= Sudan Social Development Organization =

Logo

The Sudan Social Development Organization (SUDO) is a Sudanese non-profit organisation working in Sudan, with offices located around the country, aiding civilians affected by conflicts and internally displaced persons. The organisation describes itself as being dedicated to the promotion of human rights and international development.

==Projects and partnerships==
As of 2006, SUDO is engaged in seven major projects, six of which are partnerships with other organisations working in the region.

===North Darfur===
In North Darfur, a partnership with Kids To Kids helps to provide safe drinking water to people and cattle by digging water wells and supplying pumps. With aid from the British Embassy, SUDO built a health centre to provide basic health care to residents of the Zam Zam IDP camp.

===South and West Darfur===
In South Darfur and West Darfur, a partnership with Norwegian Church Aid to provide basic health services, sanitation, and safe drinking water. A partnership with Trócaire helps to provide shelter to people in the Mershing IDP camp by constructing huts from locally sourced materials. Another partnership with Norwegian Church Aid, along with Caritas, Sudanaid and the Sudan Council of Churches, helps residents of the towns of Nyala and Zalingei who have been affected my militia attacks.

===West Kurdufan===
In West Kurdufan a partnership with Concern Worldwide with aid from the French embassy aims to reduce conflicts over water and to promote human rights.

==Sudanese government actions==
Amnesty International has recorded a series of attack on SUDO by the Sudanese government and by armed militias operating within Sudan.

Dr Mudawi Ibrahim Adam, the organisation's director, was arrested at his home in December 2003 after a visit to Darfur. He was charged with crimes against the state, which carried the possibility of being sentenced to death, but charges were dropped in August 2004.

In September 2004 Adeeb Yousif, director the SUDO's Zalengei branch, was arrested and held, first at an unofficial detention centre near Kober Prison in Khartoum and then at Debek prison North of Khartoum, until 19 April 2005.

On 29 September 2005 the Sudan Liberation Army abducted three members of SUDO at the Zam Zam IDP camp.

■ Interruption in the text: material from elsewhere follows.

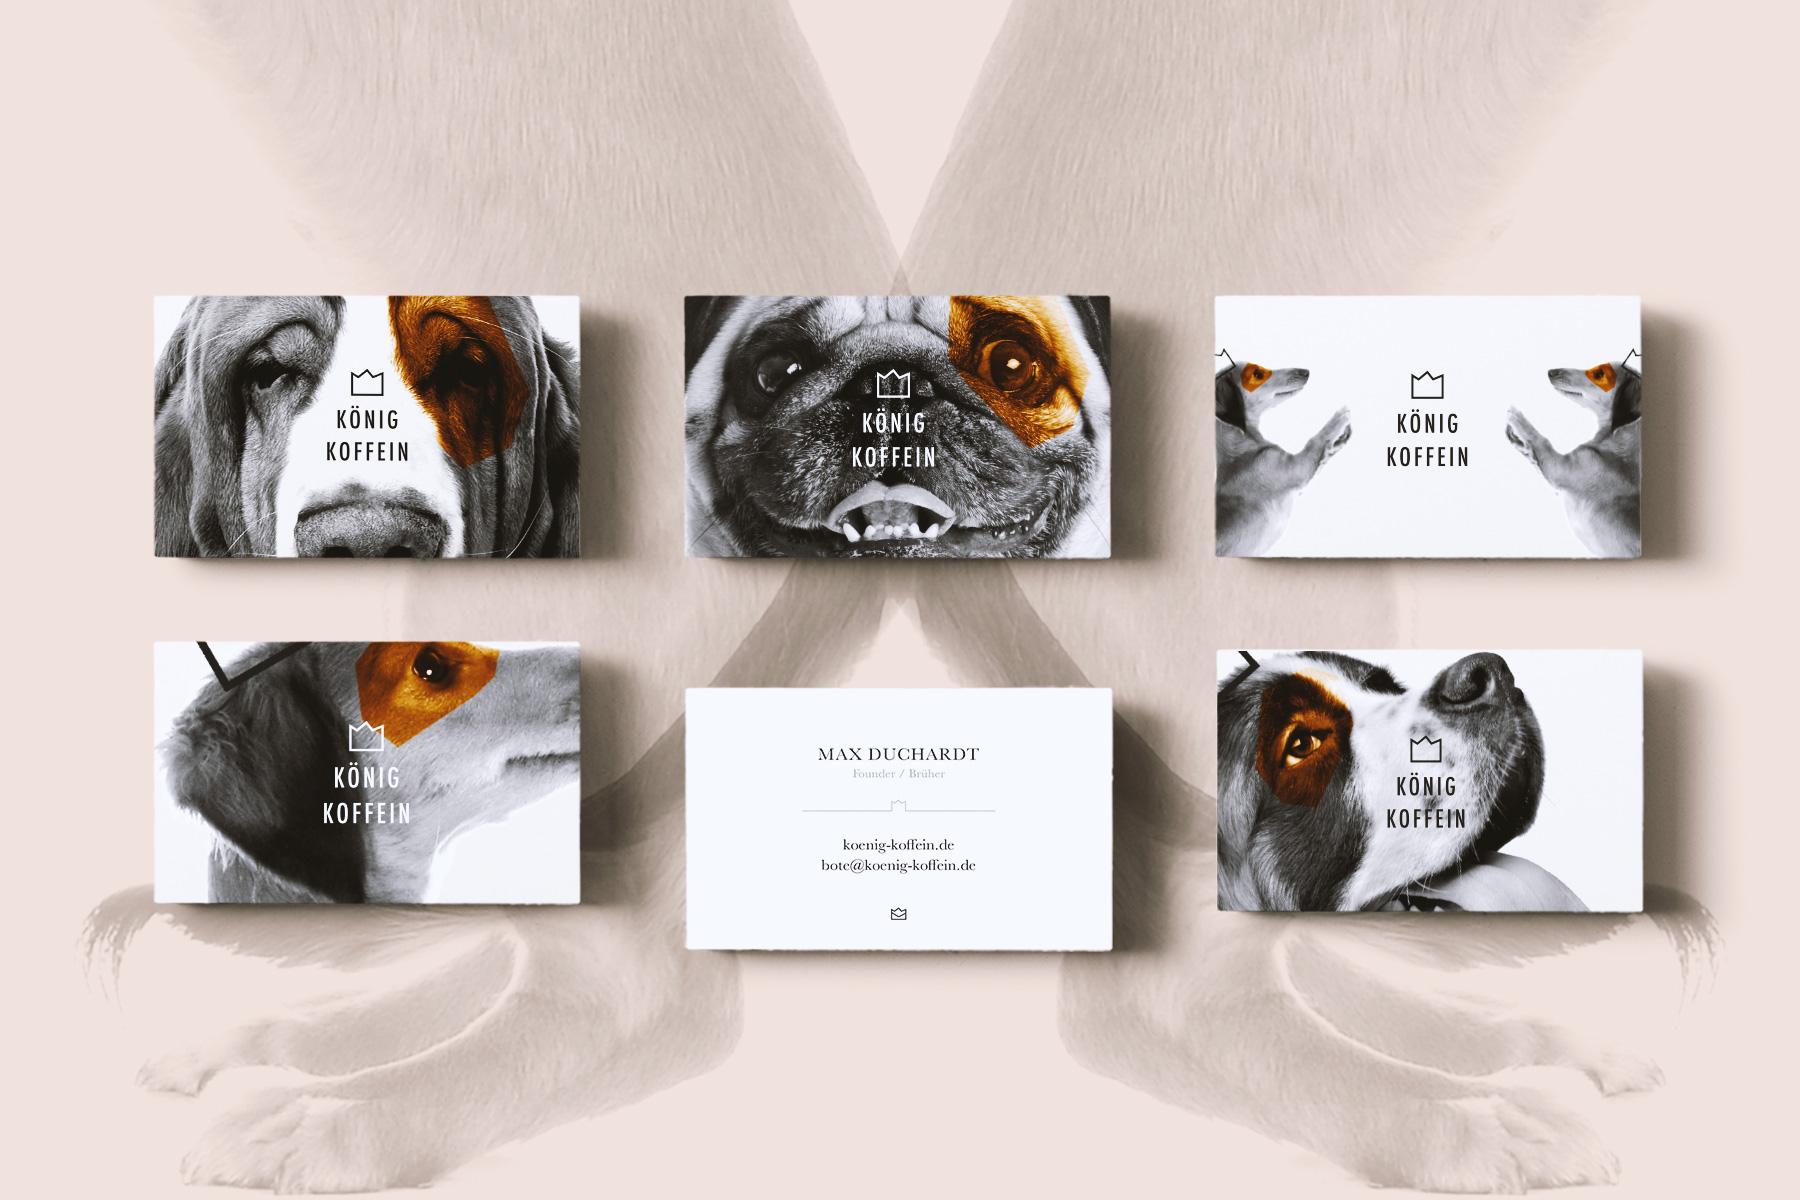 koenig-koffein-corporate-design-businesscards-by-max-duchardt

In March 2003 the Sudanese government closed two of the organisation's offices and froze its bank accounts.

==Closing of SUDO and 2010 Mudawi trials==
On 5 March 2009, the same day that President Omar al-Bashir was indicted by the International Criminal Court, the Sudanese government ordered the closure of SUDO, and its offices were taken over by state security forces. The New York Times reported that the letter closing the offices "came from the Humanitarian Affairs Commission, which is run by Ahmed Haroun, one of the people facing an arrest warrant from the International Criminal Court for mass slaughter in Darfur." Mudawi and the organization appealed their closure in court, winning the appeal in April 2010. However, according to a 2011 SUDO press release, the organization remains effectively closed: "in Sudan you can win a case but nothing changes. SUDO’s offices remained locked, its assets remained frozen, and the organization in Sudan was not allowed to resume operations."

At the same time, Mudawi faced repeated trials for "financial mismanagement" of SUDO's resources. He was initially acquitted of these charges on 5 March 2010, but the case's judge, Abdel Monim Mohammed Saleim, reversed the acquittal on 22 December, re-imprisoning Mudawi. He was sentenced to "one year imprisonment and a fine of £S.3,000 (US$1,250) for financial mismanagement" Mudawi was released on 25 January with notice that the time he had served had been sufficient; however, as of January 2011, the charges against him remain, and Amnesty International continues to name him a prisoner of conscience.